The following notebook globals are also enabled:

  • spark, representing an instance of databricks.connect.DatabricksSession, is preconfigured to instantiate DatabricksSession by getting Databricks authentication credentials from the extension. If DatabricksSession is already instantiated in a notebook cell’s code, this DatabricksSession settings are used instead. See Code examples for Databricks Connect for Python.

  • udf, preconfigured as an alias for pyspark.sql.functions.udf, which is an alias for Python UDFs. See pyspark.sql.functions.udf.

  • sql, preconfigured as an alias for spark.sql. spark, as described earlier, represents a preconfigured instance of databricks.connect.DatabricksSession. See Spark SQL.

  • dbutils, preconfigured as an instance of Databricks Utilities, which is imported from databricks-sdk and is instantiated by getting Databricks authentication credentials from the extension.

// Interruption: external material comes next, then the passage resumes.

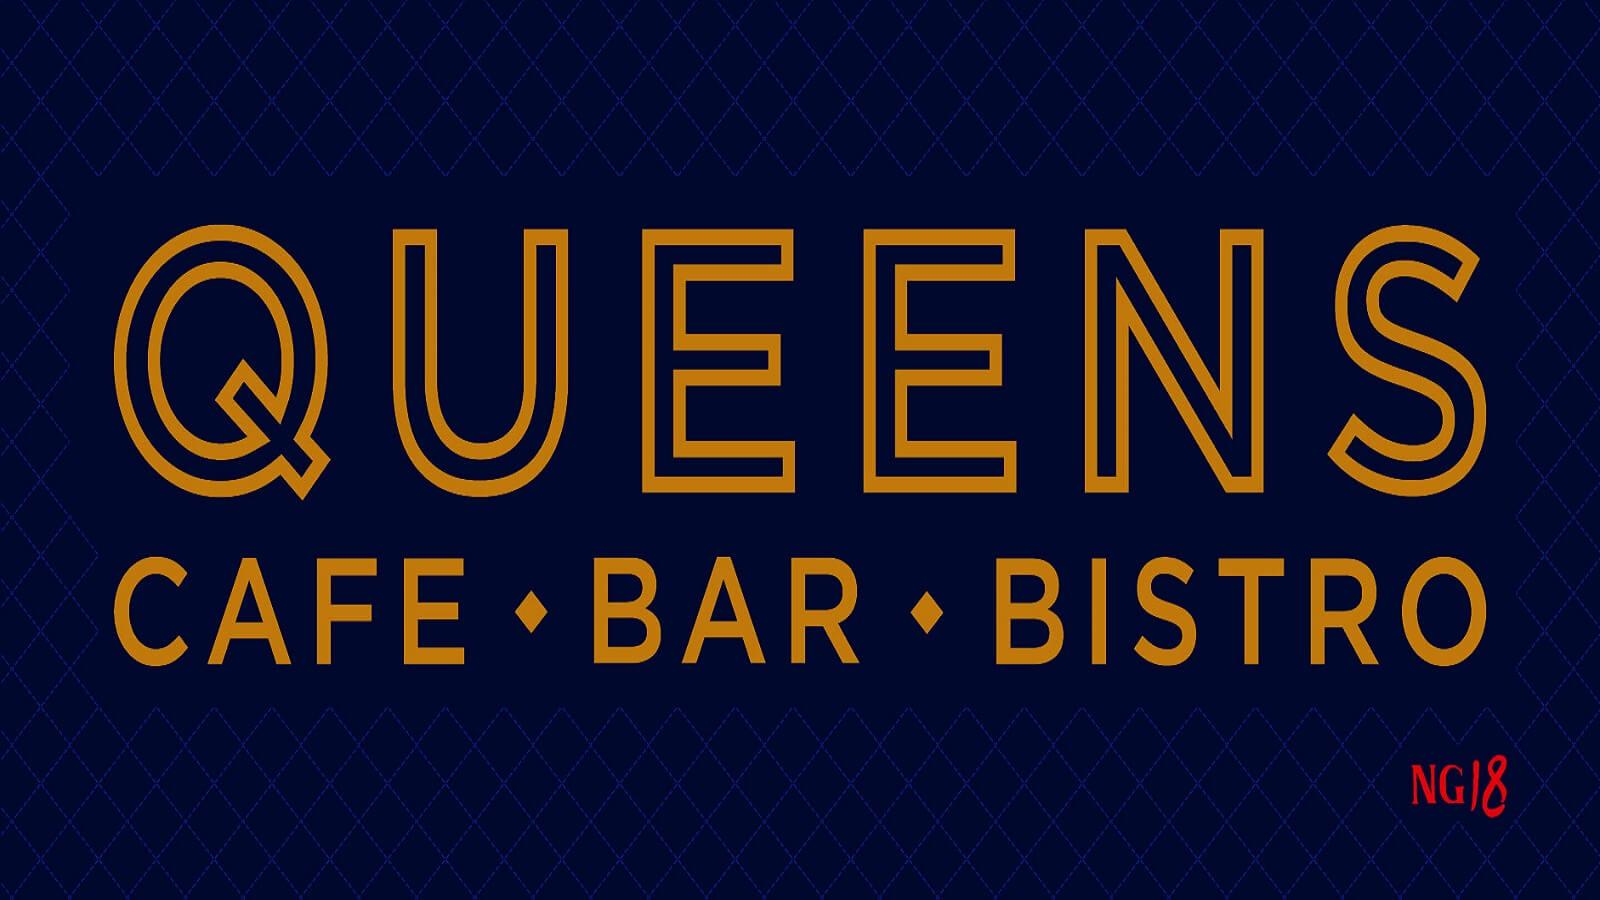 Queens Cafe Bar Bistro

See Use Databricks Utilities.

    Note

    Only a subset of Databricks Utilities is supported for notebooks with Databricks Connect.

    To enable dbutils.widgets, you must first install the Databricks SDK for Python by running the following command in your local development machine’s terminal:

    pip install 'databricks-sdk[notebook]'
    
  • display, preconfigured as an alias for the Jupyter builtin IPython.display.display. See IPython.display.display.

  • displayHTML, preconfigured as an alias for dbruntime.display.displayHTML, which is an alias for display.HTML from ipython. See IPython.display.html.

Notebook magics

The following notebook magics are also enabled:

  • %fs, which is the same as making dbutils.fs calls. See Mix languages.

  • %sh, which runs a command by using the cell magic %%script on the local machine. This does not run the command in the remote Databricks workspace. See Mix languages.

  • %md and %md-sandbox, which runs the cell magic %%markdown. See Mix languages.

  • %sql, which runs spark.sql. See Mix languages.

  • %pip, which runs pip install on the local machine. This does not run pip install in the remote Databricks workspace. See Manage libraries with %pip commands.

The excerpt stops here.